The drug, INS018_055, is being developed by Hong-Kong based Insilico Medicine and has reached phase 2 trials for the treatment of idiopathic pulmonary fibrosis – a chronic disease that causes scarring in the lungs and makes breathing increasingly difficult.
The company connects biology, chemistry and clinical trial analysis using next-generation AI systems, having developed AI platforms that use deep generative models, reinforcement learning, transformers, plus other modern machine learning techniques. They are used for novel target discovery and the generation of novel molecular structures that have desired properties.
And, although there have been other AI-designed drugs in clinical trials, INS018_055 is the first drug with both a novel AI-discovered target, as well as a novel AI-generated design.
Insilico Medicine also has two more drugs in the clinical stage that have been partially generated by AI; one for COVID-19 in phase 1 trials, and the other solid tumors that recently received approval from the U.S. Food and Drug Administration (FDA) to initiate clinical trials.
What is the future of AI in clinical research?
The use of AI in clinical research has really taken off in recent times, and with the technology seemingly advancing at breakneck speed, it’s likely that AI will take on more and more responsibilities in the drug development process in order to guarantee speed and efficiency.
“I would say that it is going to be AI inserting itself into different parts of the entire drug development process, as an aiding tool into the entire diagnostic process, in decision-making by the clinicians to make better decisions…,” commented Ho.

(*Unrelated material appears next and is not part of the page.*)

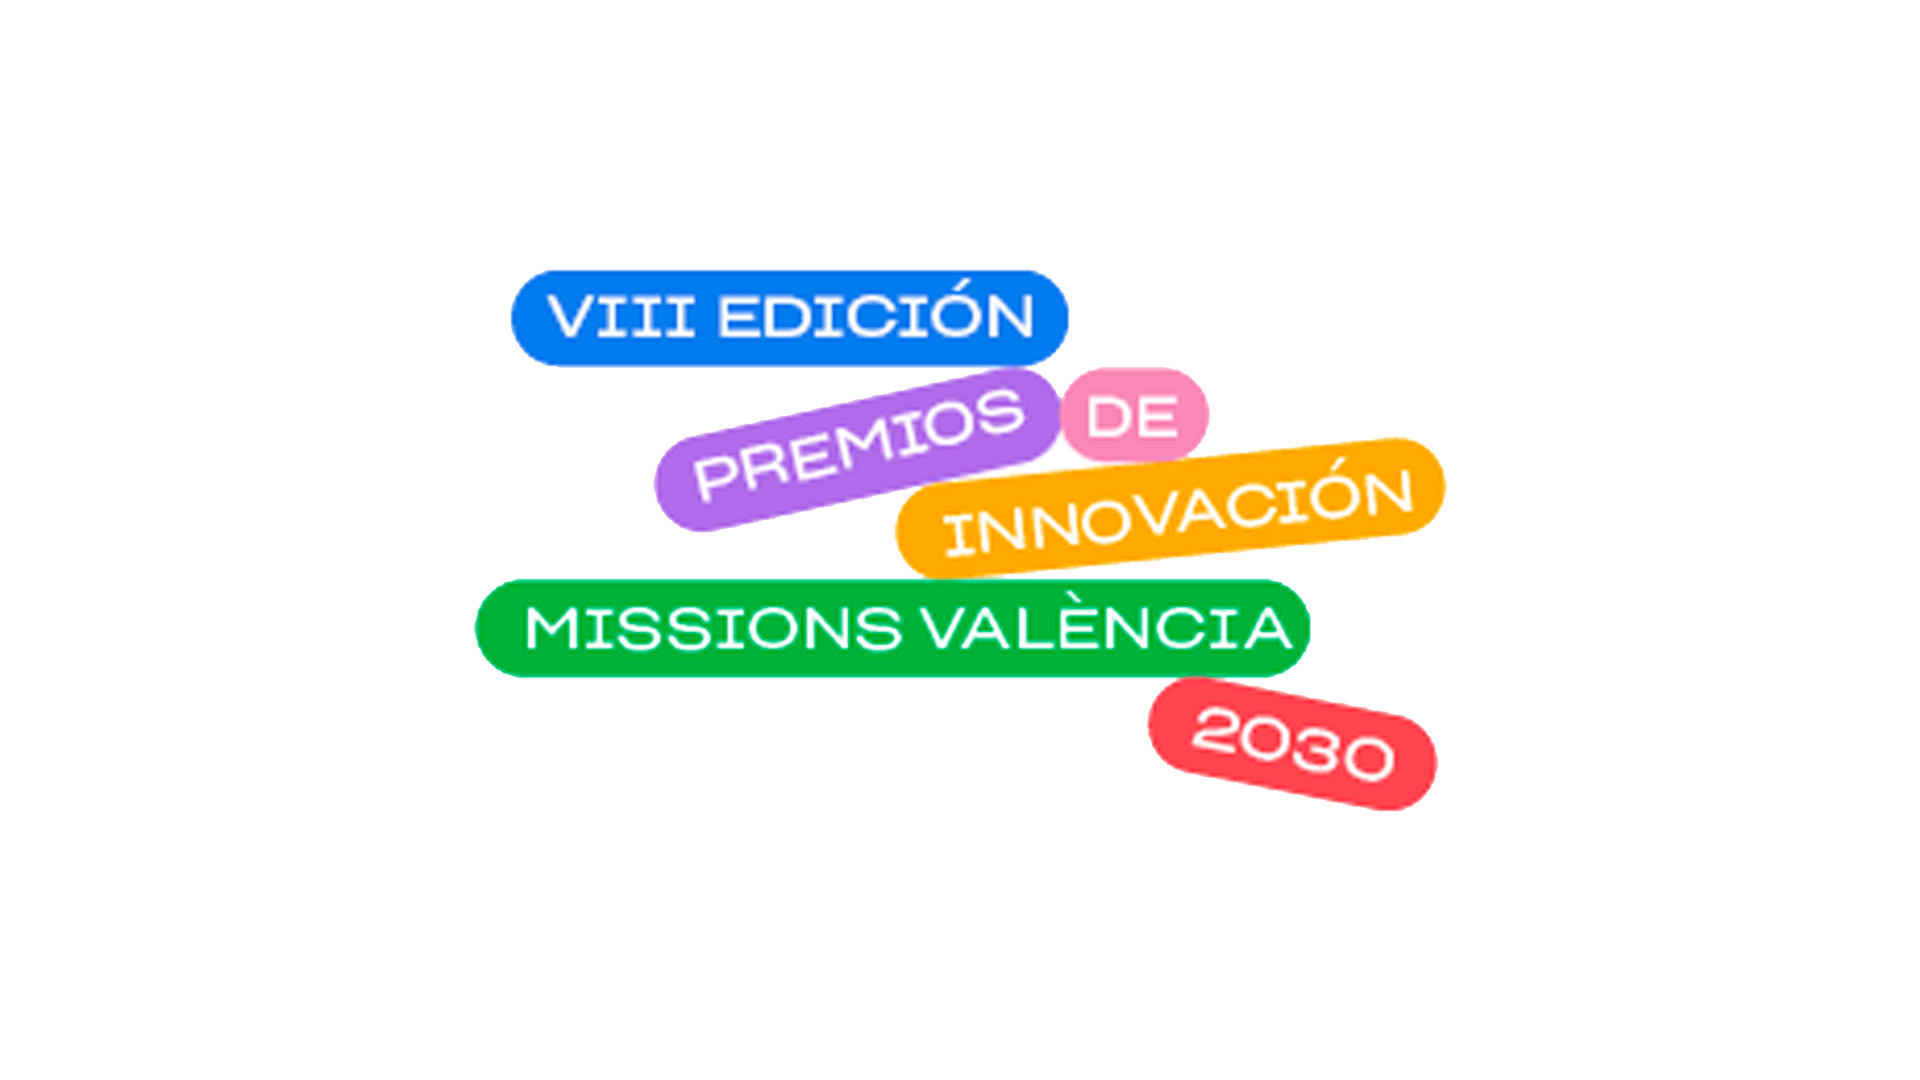 VIII Edición Premios a la Innovación Missions València 2030

Additionally, the hype around AI is even expected to kick off a resurgence of investment into the biotech industry, after a difficult economic period in which companies have struggled to raise capital.

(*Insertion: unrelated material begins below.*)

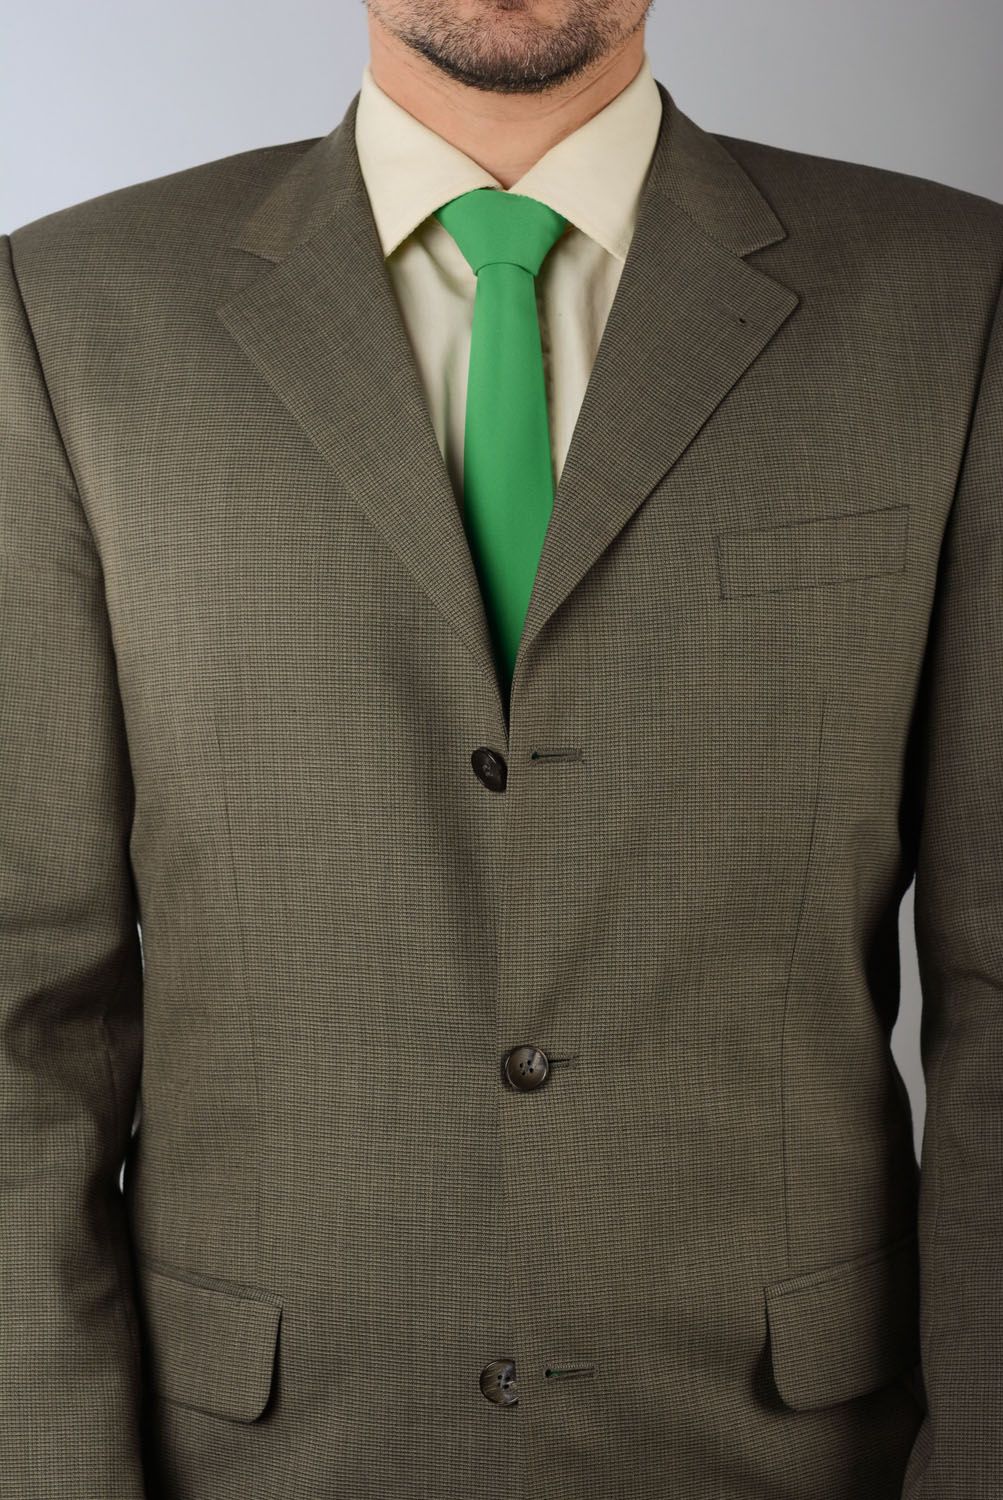 Corbata verde de gabardina foto 4

All in all, it seems like AI is the future of clinical research and trials in the life sciences industry, and Ho believes that people within the industry should embrace it as the useful tool that it is. “The people who use AI will definitely replace people who don’t use AI. It’s a natural evolution of things. If you have new tools and you do not use them, you’re basically rendering yourself basically obsolete. If it is a good tool, we should use it and embrace it so that we will continue to remain relevant to the industry.”
And, with the amount of AI startups and technology around at the minute, it’s fair to say that people in the industry are indeed embracing it.